Sono davvero interessato a sentire cosa ne pensate voi ragazzi. Per i miei $.02, definirei queste lievi ma importanti differenze:

  • camminare sull’acqua / essere leggermente disimpegnato / “dare priorità all’equilibrio tra lavoro e vita privata”: fare il lavoro richiesto ma niente di più – “mantenere il lavoro” invece di pensare “avanzare nella carriera”. Si spera che la maggior parte delle interruzioni di lavoro legate alla pandemia rientrino in questa categoria, ad esempio, poiché i genitori gestiscono orari scolastici irregolari / familiari malati / interruzione dei regolari programmi di assistenza.
  • essere esaurito: non essere in grado di impegnarsi con il lavoro al livello che vorresti perché hai attivamente bisogno di dare la priorità alla cura di te stesso, al sonno, a cose tipo la vita al di fuori del lavoro per riconnetterti con te stesso — “Chi sono e cosa ci vado qui?” tipo di pensiero, con lavoro/carriera totalmente secondari.
  • sporgendosi; Simile al camminare sull’acqua ma forse con una data di fine prestabilita (il secondo compleanno del bambino, ad esempio, o la nascita di un secondo figlio); si spera che sia fatto abbastanza intenzionalmente che ci sia una conversazione con la direzione sul lavoro flessibile, orari ridotti, ecc. “Metti in pausa/diminuisci il lavoro in un modo che ti lasci una rampa di ritorno al lavoro completo/avanza nella carriera” tipo di pensiero.
  • disimpegnarsi invece di smettere: fare intenzionalmente il minor lavoro possibile, fingere di essere occupato e prendere ogni scorciatoia necessaria. Pensa a Giorgio Costanza. Definirei questo tipo di pensiero “indifferenza alla fine della carriera/lavoro”.

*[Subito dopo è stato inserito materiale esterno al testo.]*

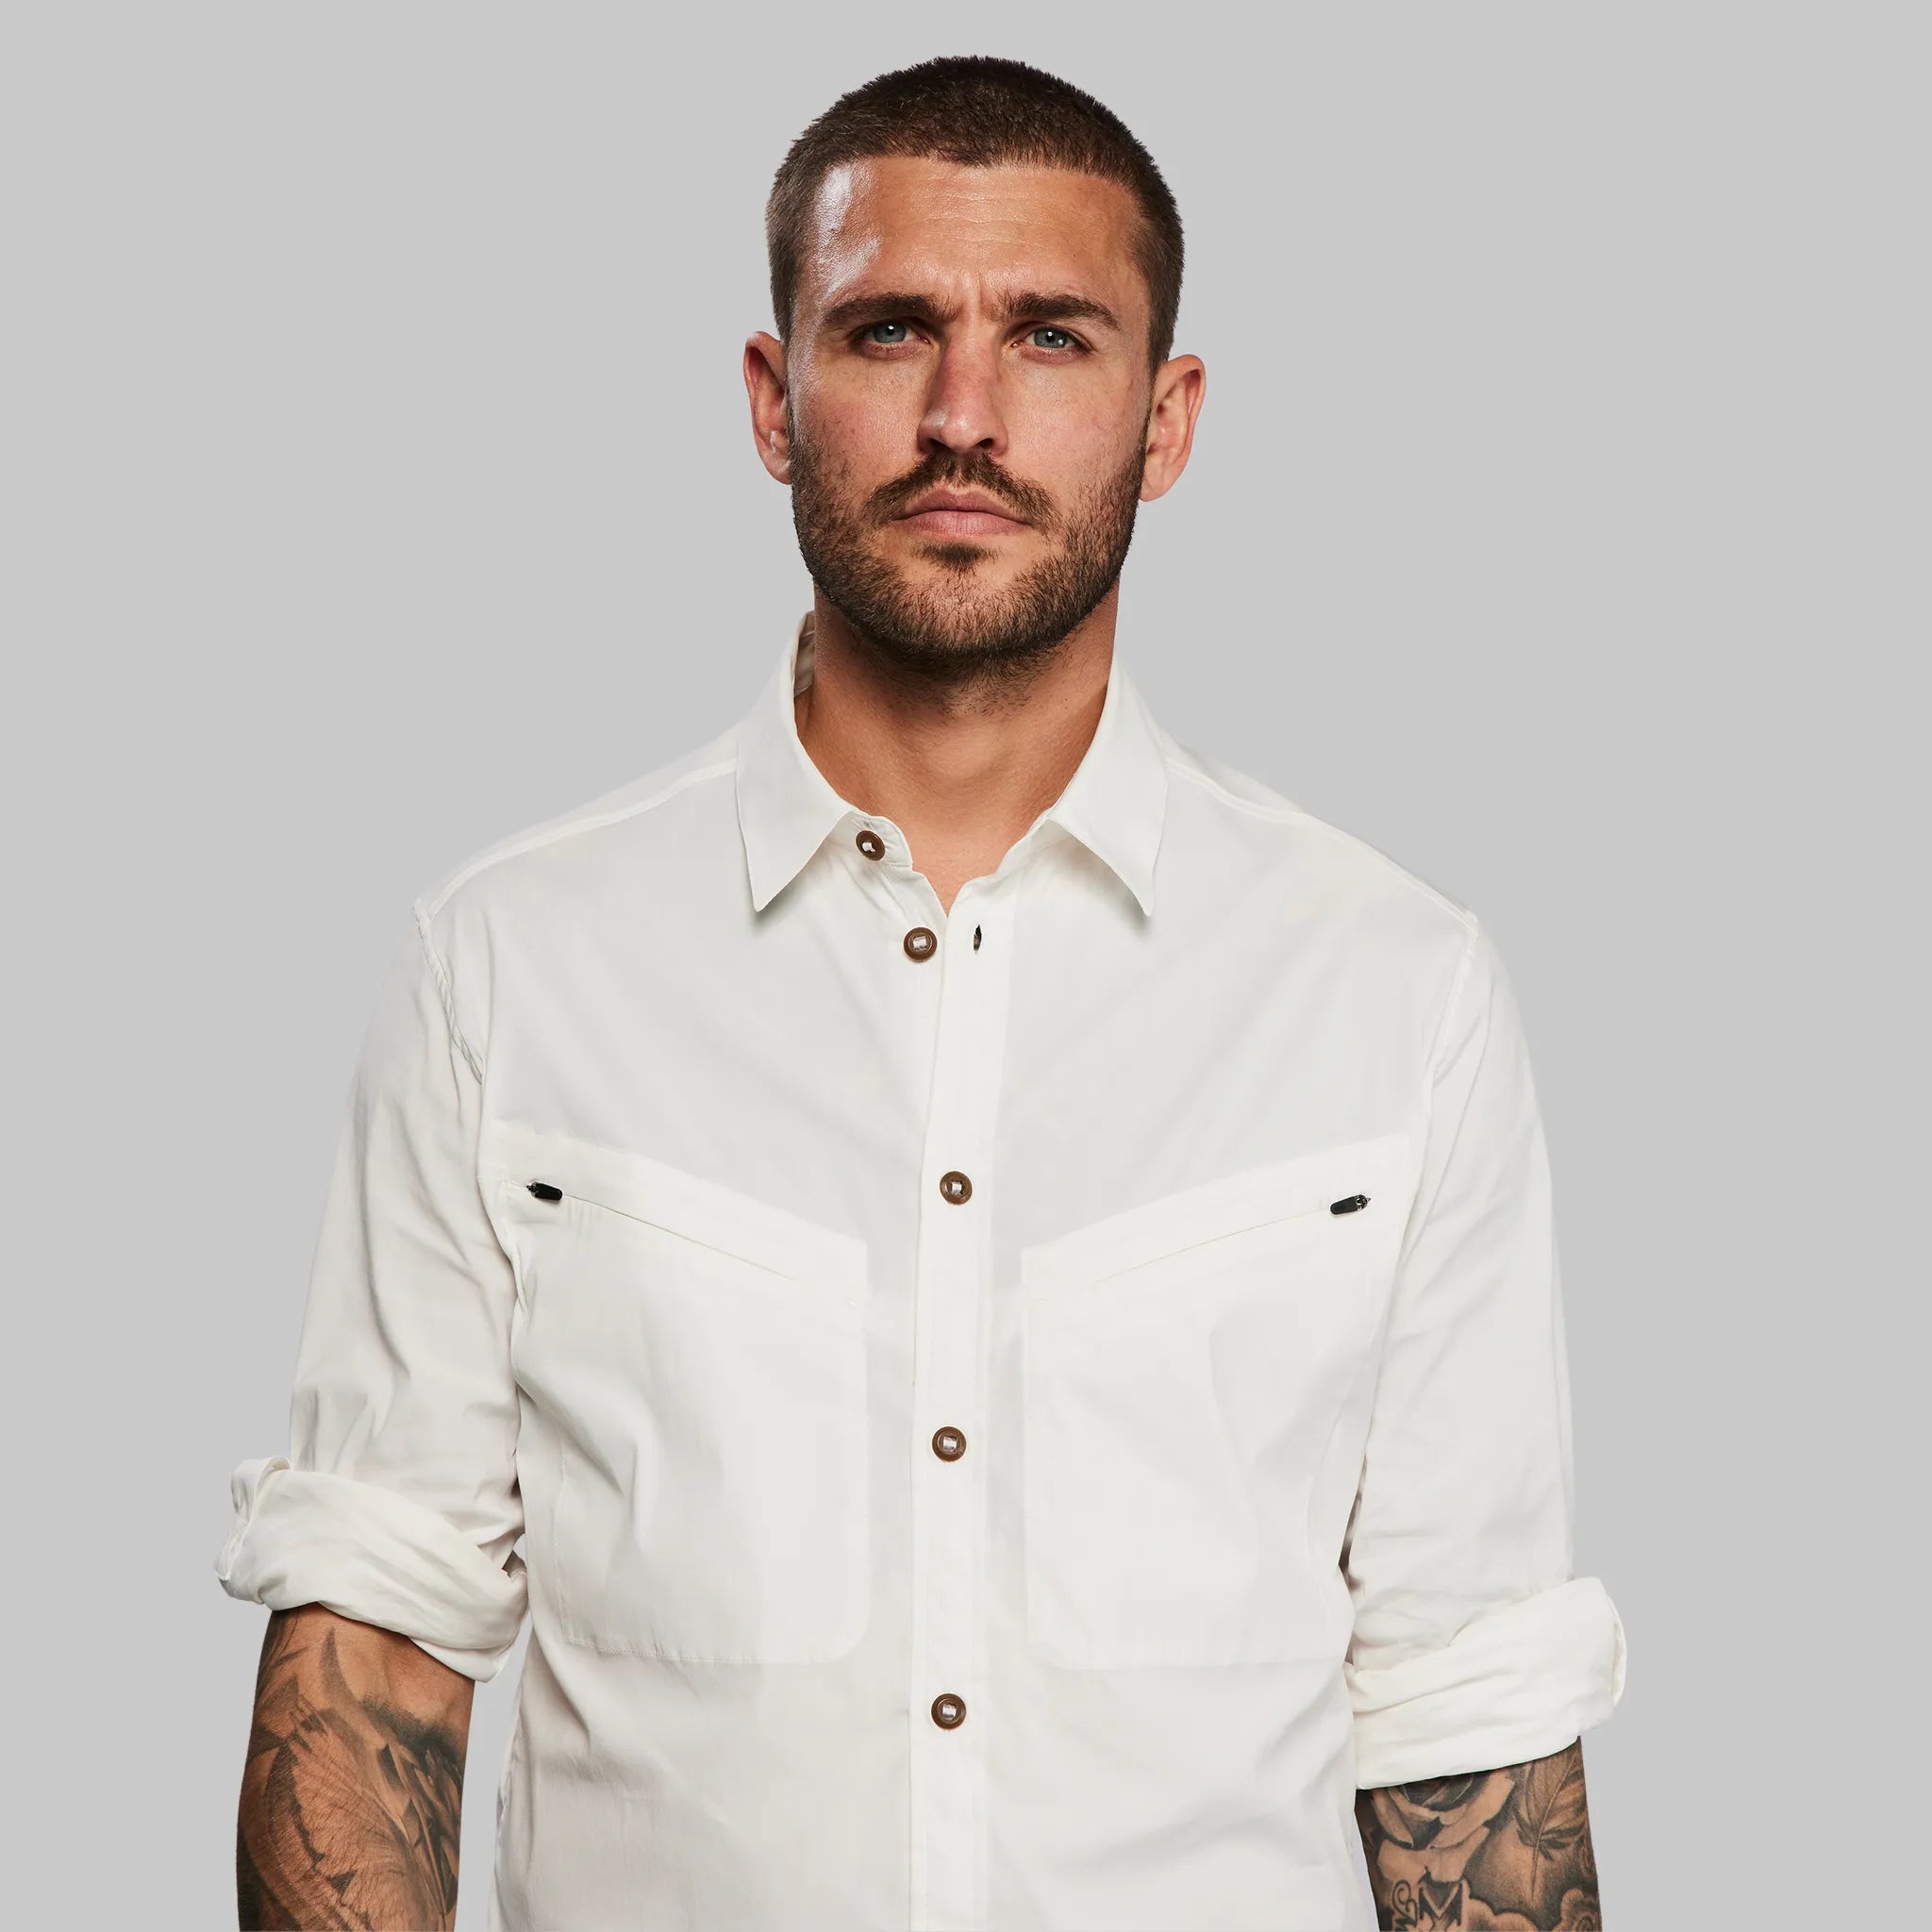 Equator Shirt with Collar. White edition
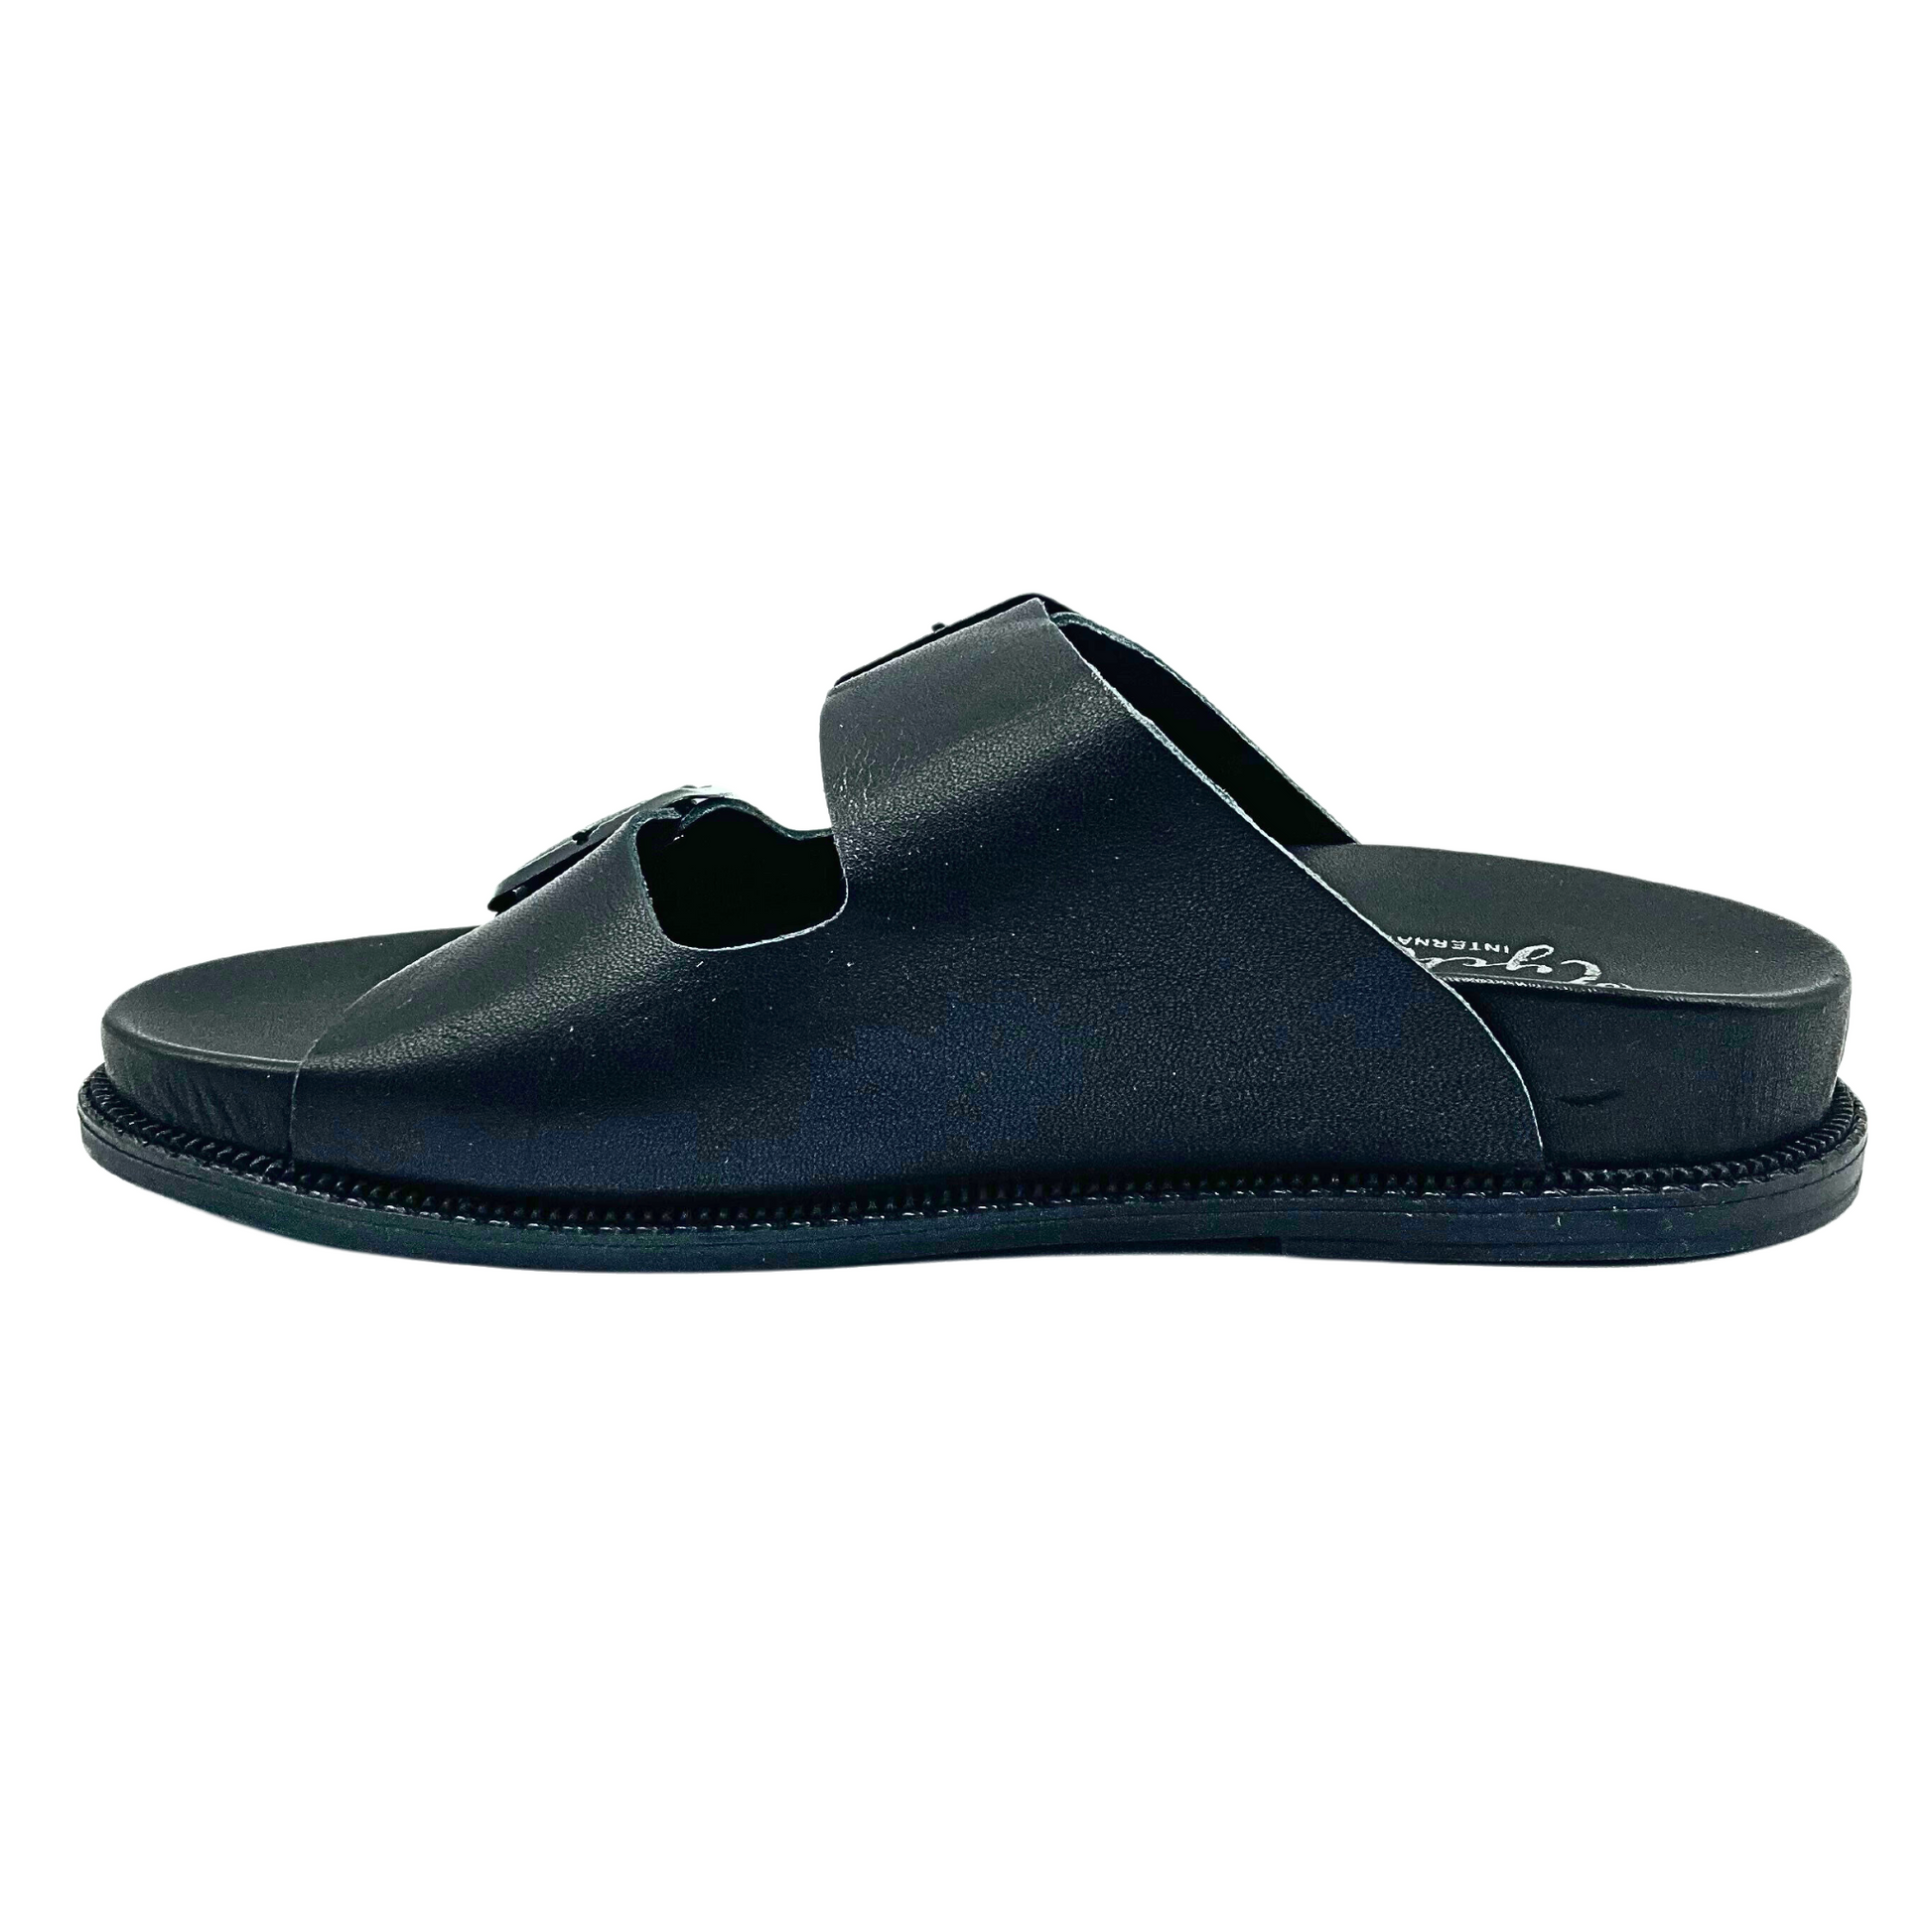 Inside view of black, slip on walking sandal.  Open toe and heel.  Erogonomic footbed

Lettori, cosa ne pensate? (E ci sono altre categorie che aggiungeresti a questo elenco: intraprendenti che si sforzano di mettersi alla prova nel lavoro? Traslocatori che stanno intenzionalmente cercando di migliorare la propria carriera cercando un nuovo lavoro o più responsabilità/titoli al loro attuale lavoro?) Pensi che i lavoratori dovrebbero segnalare ai loro manager mentre entrano ed escono da questi diversi atteggiamenti nei confronti del lavoro, o che l’etichetta aziendale impone che le conversazioni si svolgano?

Se hai gestito persone in una di queste categorie, c’erano delle bandiere rosse per te come manager e come l’hai gestito? Per i lettori che si riconoscono disimpegnati o che camminano sull’acqua, come ti sei riattivato o “iniziato a nuotare” di nuovo?

Foto d’archivio tramite Shutterstock / Dean Robot; “qualunque cosa” nel carattere Perfect Redemption.